Pendeta Dibunuh di Ogan Komering Ilir, PGI Desak Kapolri Usut Tuntas Pelaku

Persekutuan Gereja-gereja di Indonesia (PGI) menyatakan keprihatinan yang mendalam atas dibunuhnya seorang Pendeta di Ogan Komering Ilir (OKI), Sumatera Selatan.

Pembunuhan terhadap Pendeta Melida Zidomi itu adalah kekejian yang harus diungkap.

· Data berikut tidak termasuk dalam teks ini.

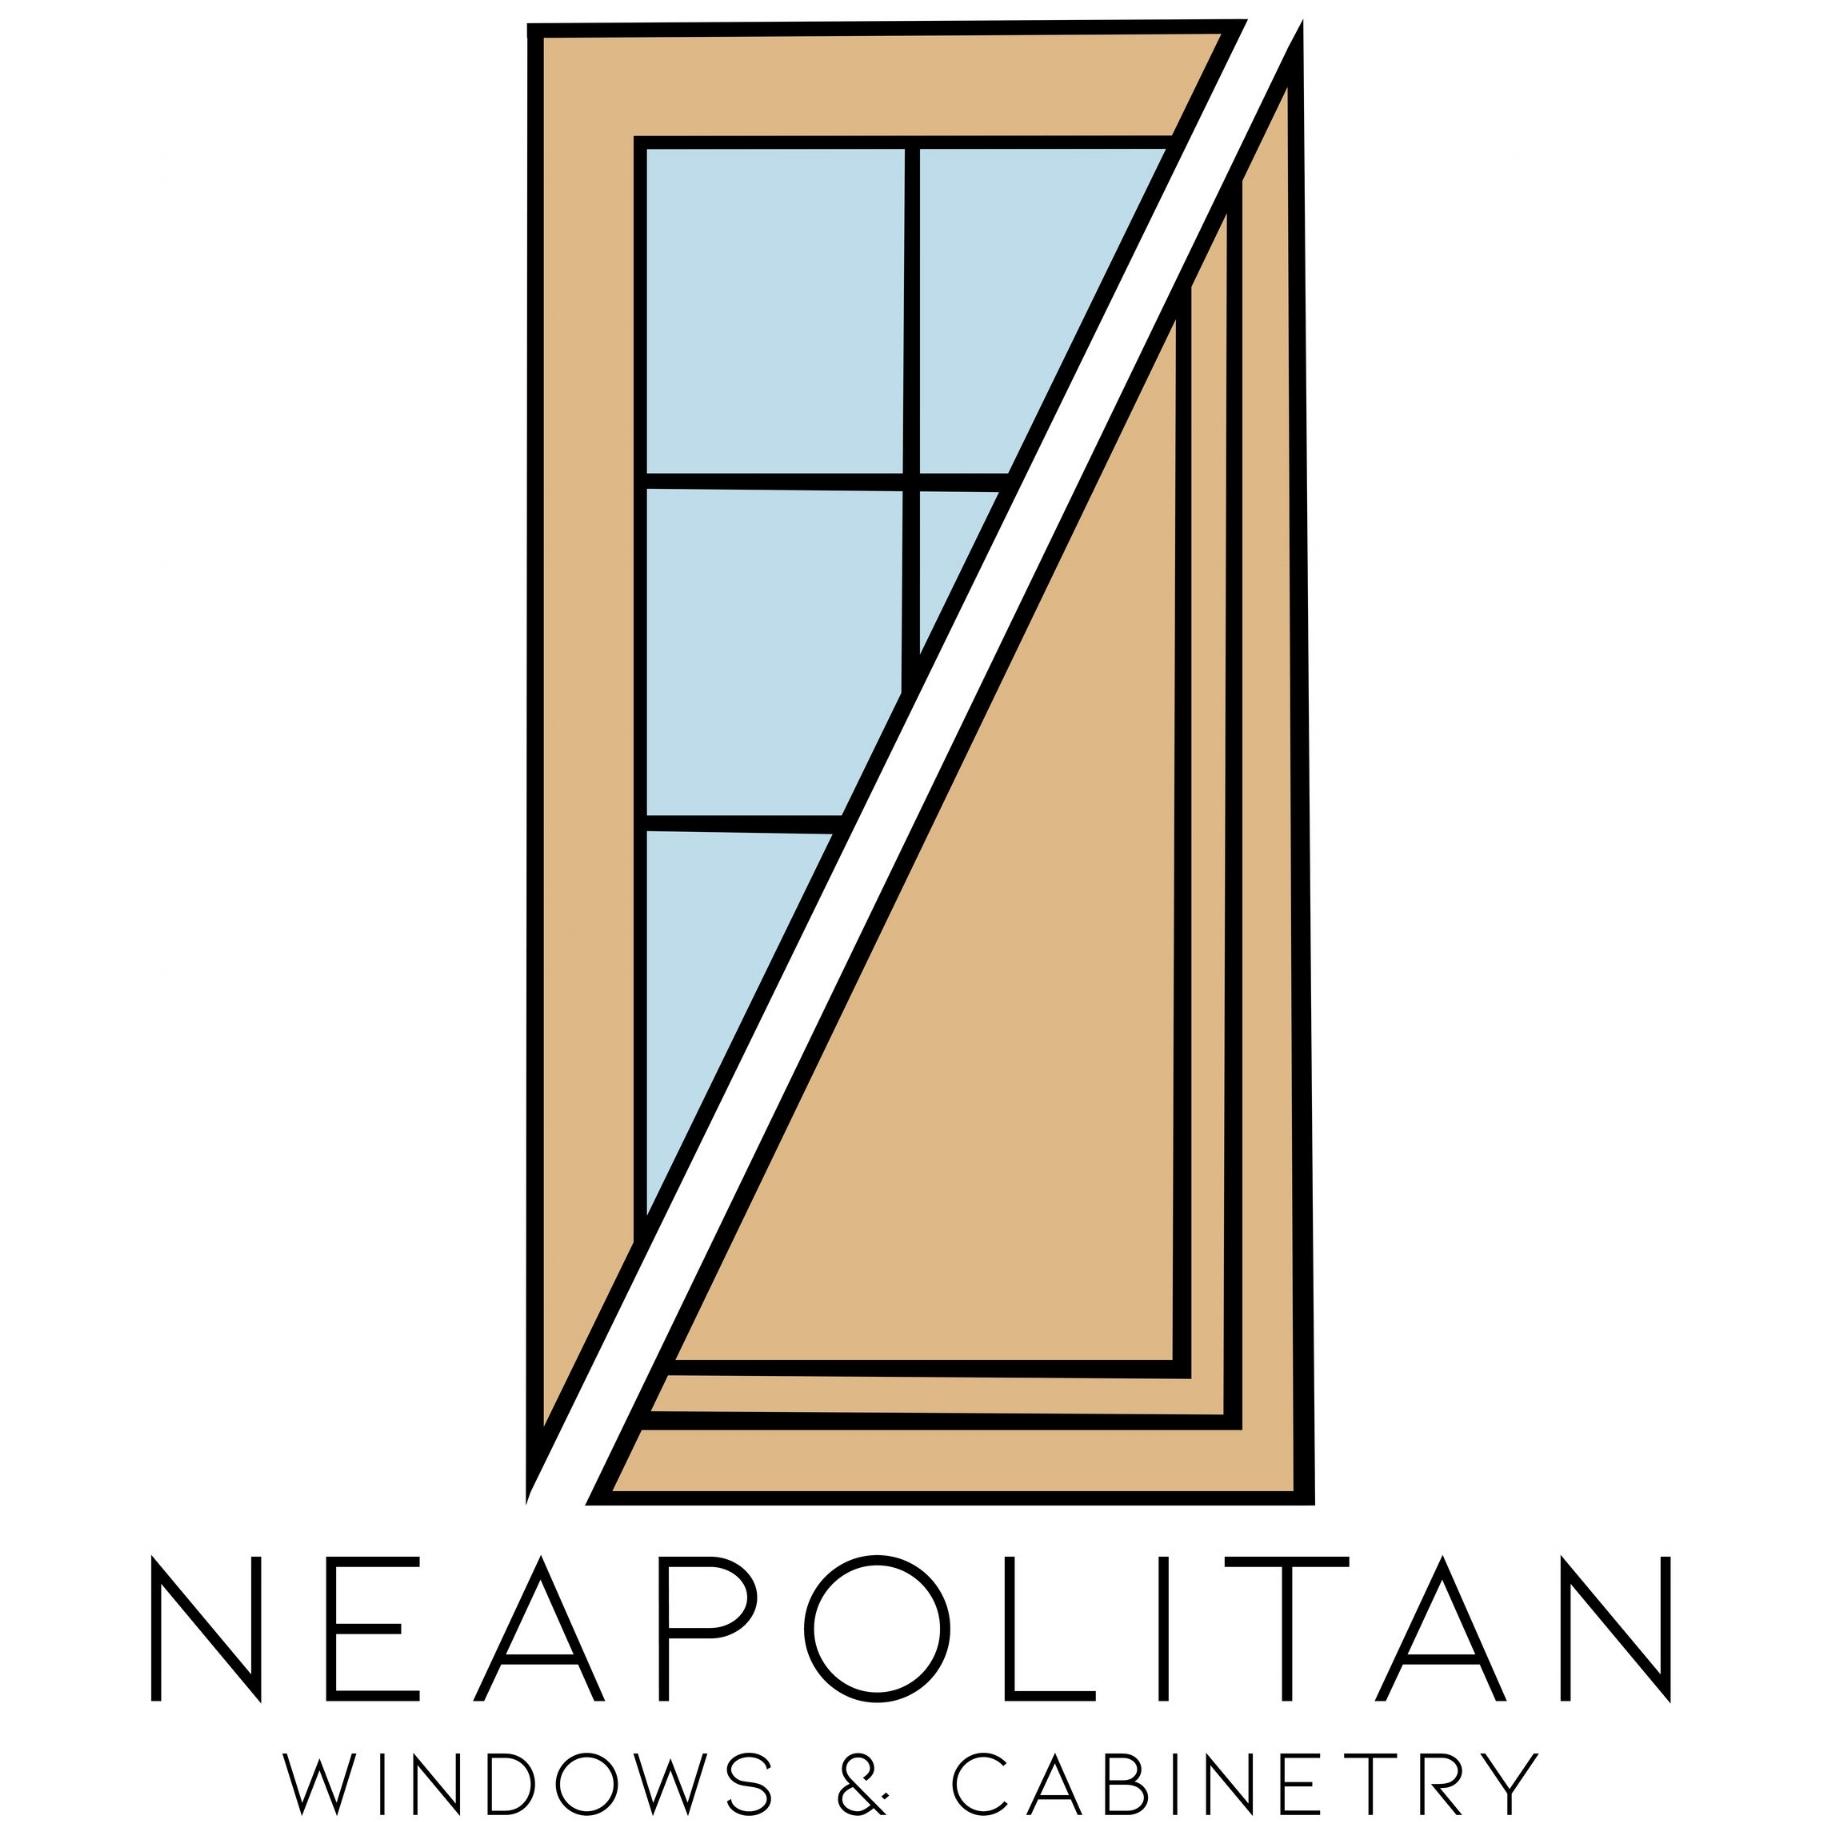 Neapolitan Windows & Cabinetry

Kepala Humas PGI Irman Iriana Simanjuntak menyatakan, Majelis Pekerja Harian Persekutuan Gereja-Gereja di Indonesia (MPH-PGI) mengungkapkan dukacita mendalam atas pembunuhan terhadap Pendeta Melida Zidomi, yang sedang melakukan pelayanan di Kabupaten OKI, Sumatera Selatan, pada Selasa 26 Maret 2019.

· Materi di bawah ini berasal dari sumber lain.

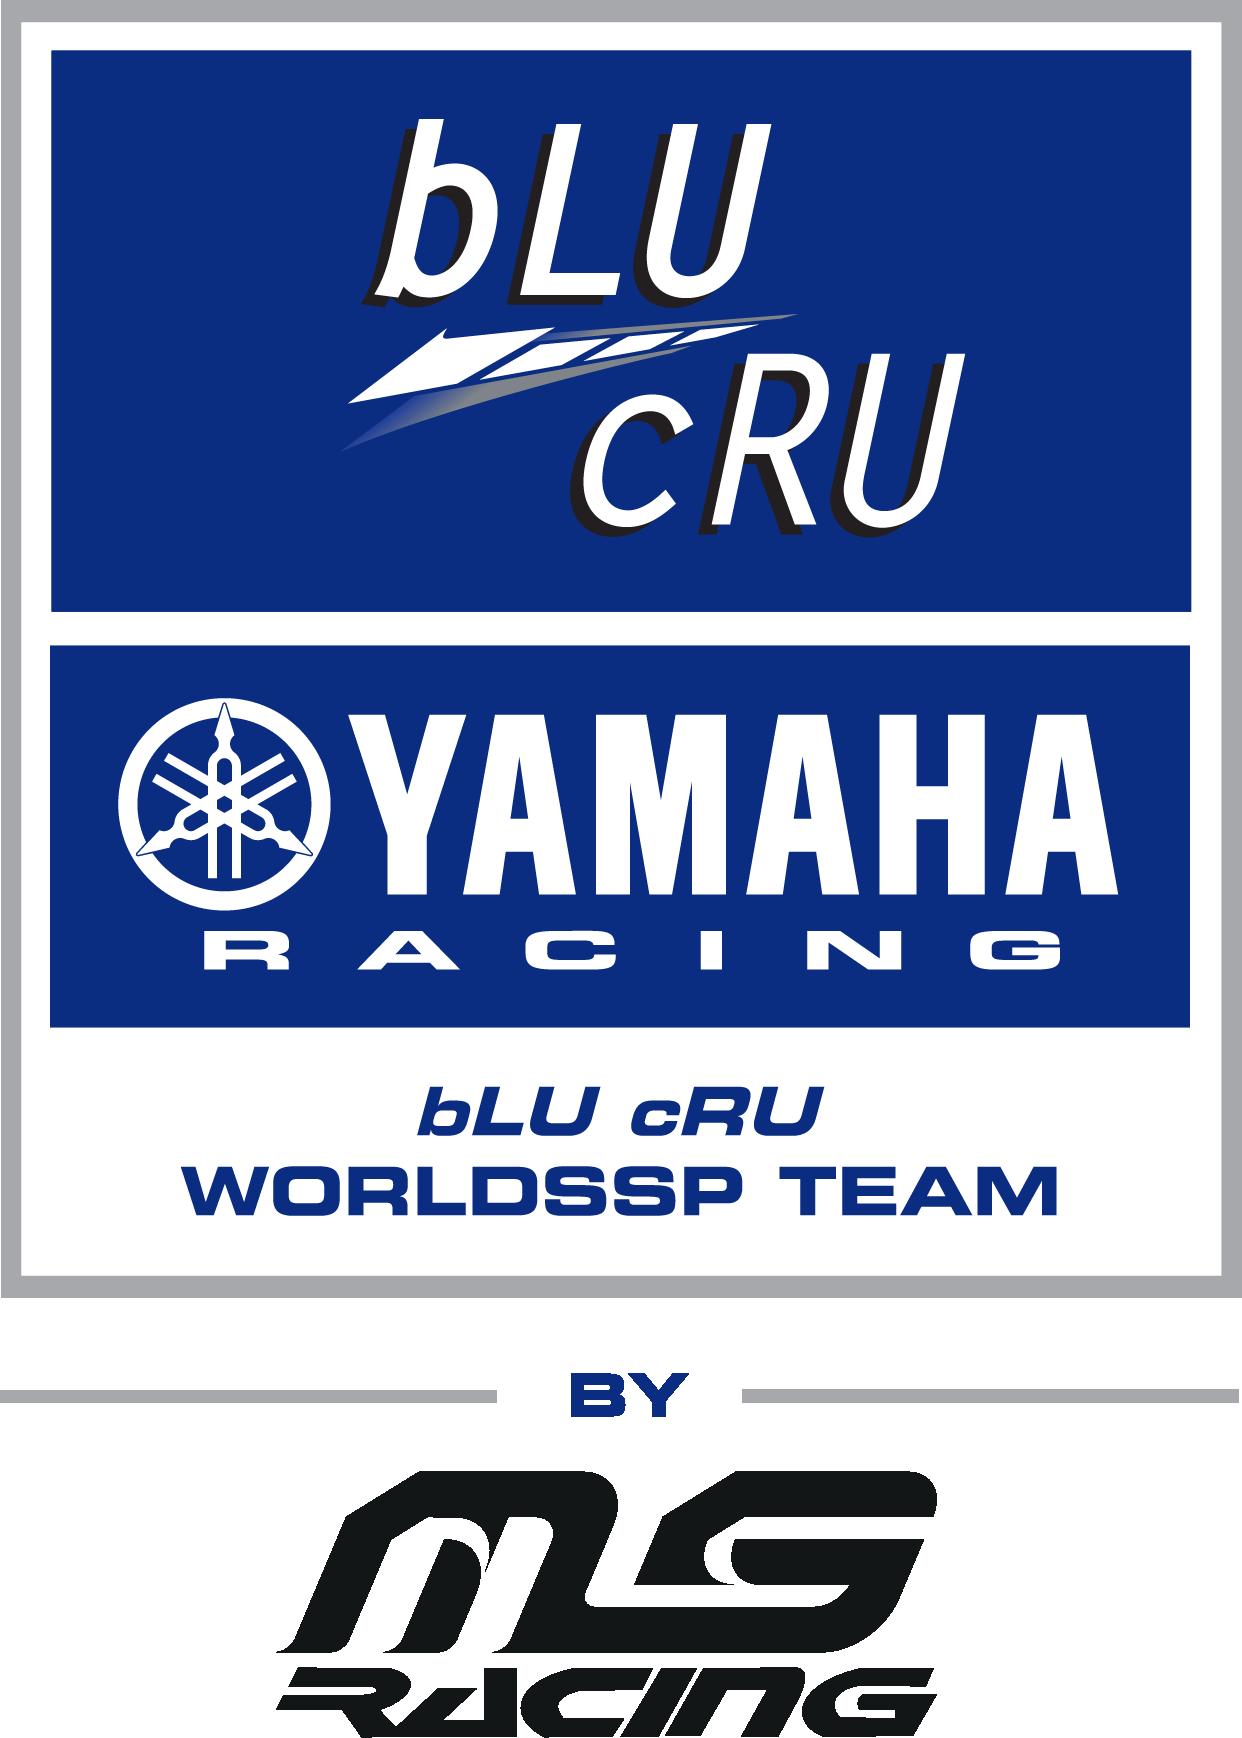 YAMAHA MS Racing - WSBK - Equipo de competición

“Perbuatan tersebut merupakan tindakan keji dan tak beradab yang tak hanya menghilangkan nyawa korban, tetapi diduga melakukan tindakan kekerasan seksual yang menimbulkan duka mendalam bagi keluarga korban dan seluruh masyarakat,” tutur Irma Iriana Simanjuntak, dalam siaran persnya, Rabu (27/03/2019).

Atas peristiwa itu, PGI menyatakan rasa duka mendalam bagi keluarga korban dan gereja yang mengutus Pdt Melinda melakukan pelayanan di Ogan Komering Ilir.

“Kiranya Allah yang rahmani memberikan penghiburan bagi keluarga yang ditinggal,” ujarnya.

PGI meminta aparat kepolisian untuk segera mengusut tuntas dan segera menangkap pelaku pembunuhan pendeta itu.

Irma menekankan, perbuatan itu cukup mengguncang umat Kristiani di Tanah Air. Karena itu, pihak kepolisian juga diminta mengungkap motif kriminal murni ataukah ada motif lain yang mendasari pelaku membunuhnya.

“Usut secara tuntas. Segera tangkap pelaku dan menghukum sesuai dengan hukum yang berlaku. Motif pembunuhan itu juga harus dibongkar tuntas,” ujarnya.

Menurut Irma Iriana, tindak penganiayaan, kekerasan seksual dan pembunuhan terhadap seorang pendeta tak bisa begitu saja dilihat sebagai kejadian biasa.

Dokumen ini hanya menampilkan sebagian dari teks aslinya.